We try to raise the animal's resistance by vaccinating against Pasteurella ; unfortunately we are not always successful. This is because Pasteurella bacteria of the same species are not all the same; there are as many as 15 different strains of Pasteurella haemolytica . A vaccine made with one strain does not always protect against another strain. If a vaccine was made to include all strains the dose needed would be too large to use and the toxins in the vaccine, released from the bacteria while making the vaccine, would cause severe reactions in the animal. For these reasons, popularity of these particular Pasteurella vaccines has decreased in recent years. However, if you find a vaccine that works against the Pasteurella bacteria in your area, by all means use it. The Pasteurella vaccines that have been on the market for many years generally contain both Pasteurella haemolytica and multocida bacteria. These vaccines are made with killed bacteria and are NON-Replicating vaccines. NON-Replicating vaccines require that two doses be given at least 14-28 days apart to initially raise the resistance level. A single annual booster is required to stimulate prolonged resistance level.
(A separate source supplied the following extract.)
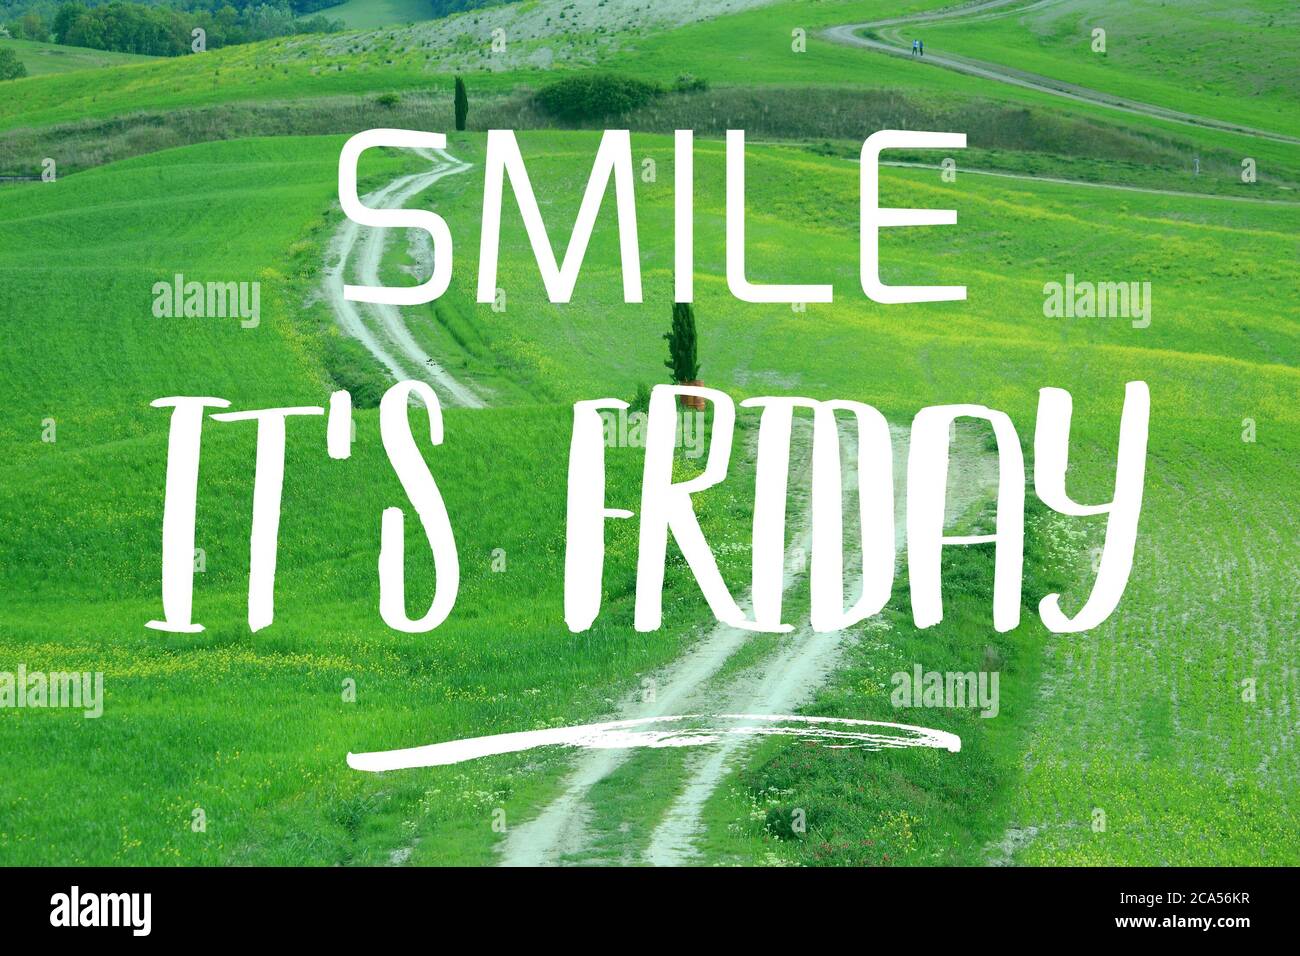 La sonrisa es Viernes - banner motivacional de medios sociales. Foto de stock

Pasteurella vaccines recently developed may overcome the problem. One specific vaccine has been developed that stimulates increased resistance against "a particular fraction" of the Pasteurella organism; that "particular fraction" is thought to be found in most, if not all, strains of Pasteurella haemolytica . In addition, because it is made from only a fraction of the bacteria, the vaccine contains fewer components that would cause reactions in cattle when vaccinated. The scientific community refers to a vaccine made from a "particular fraction" of the organism as a "subunit" vaccine. In addition to the "subunit" antigens some "new-generation" Pasteurella vaccines contain a leukotoxoid which will stimulate the animal to produce antibodies against the leukotoxin produced by certain Pasteurella organisms, thus greatly enhancing the resistance stimulated in a vaccinated animal. These particular vaccines are NON-Replicating vaccines and usually require two doses to be given at least 21-28 days apart to initially raise the resistance level.
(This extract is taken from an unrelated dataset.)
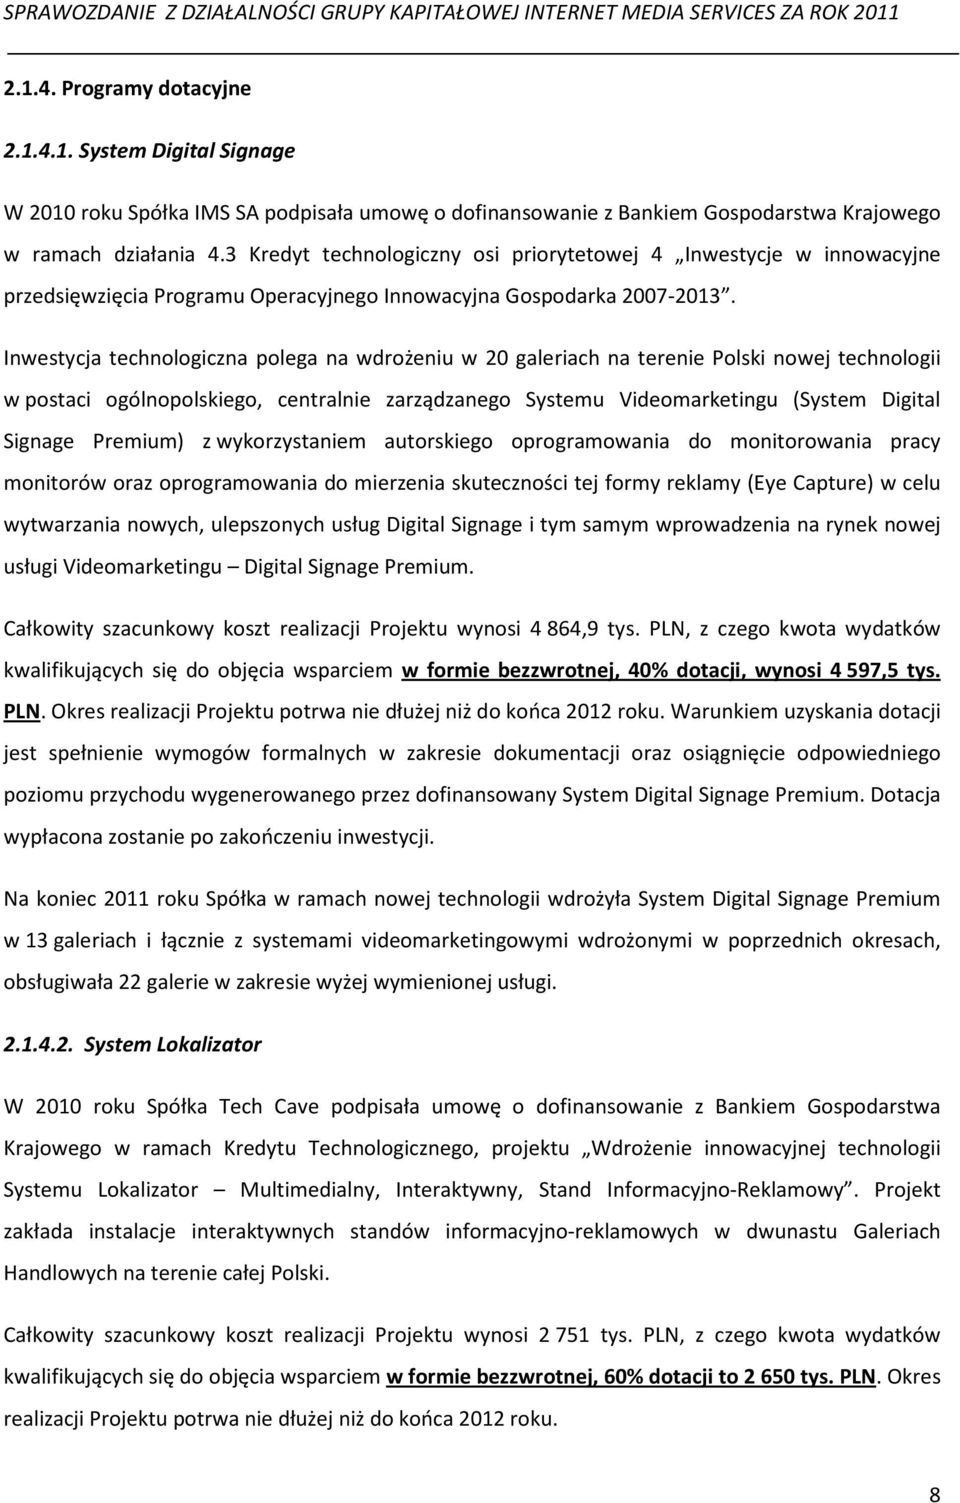 Inwestycja technologiczna polega na wdrożeniu w 20 galeriach na terenie Polski nowej technologii w postaci ogólnopolskiego, centralnie zarządzanego Systemu Videomarketingu (System Digital Signage

We also have at least two live avirulent REPLICATING Pasteurella vaccines on the market; however, objections to their use generally include: 1) high cost; 2) adverse reactions which include injection site pain, swelling or abscesses, and muscle stiffness; 3) the administration of antibiotics or sulfa at the same time as vaccination could kill the live vaccine organisms and cause vaccination failure; and 4) in one case, the vaccine was recommended only for use in calves over three months of age. Since many shipped cattle are routinely administered antibacterial drugs on arrival, the use of these particular vaccines in recently shipped cattle has been questioned.
Often we try to keep the Pasteurella growth in animals under control (reduce the challenge) by using antibacterial drugs administered in the feed, in the water, by injection, or in bolus form. When antibacterial drugs are used to control Pasteurella or other bacteria ... keep the cattle under observation. The bacteria may be resistant to the antibacterial drug you are using. Unfortunately, many people using antibacterial drugs to keep sickness in check forget to observe the cattle closely. If the bacteria are resistant to the drug, the amount of sickness and the severity of the sickness can get out of hand before the cattle are observed. These crutches can be dangerous if the people using the drugs are not aware of the resistant strains of bacteria.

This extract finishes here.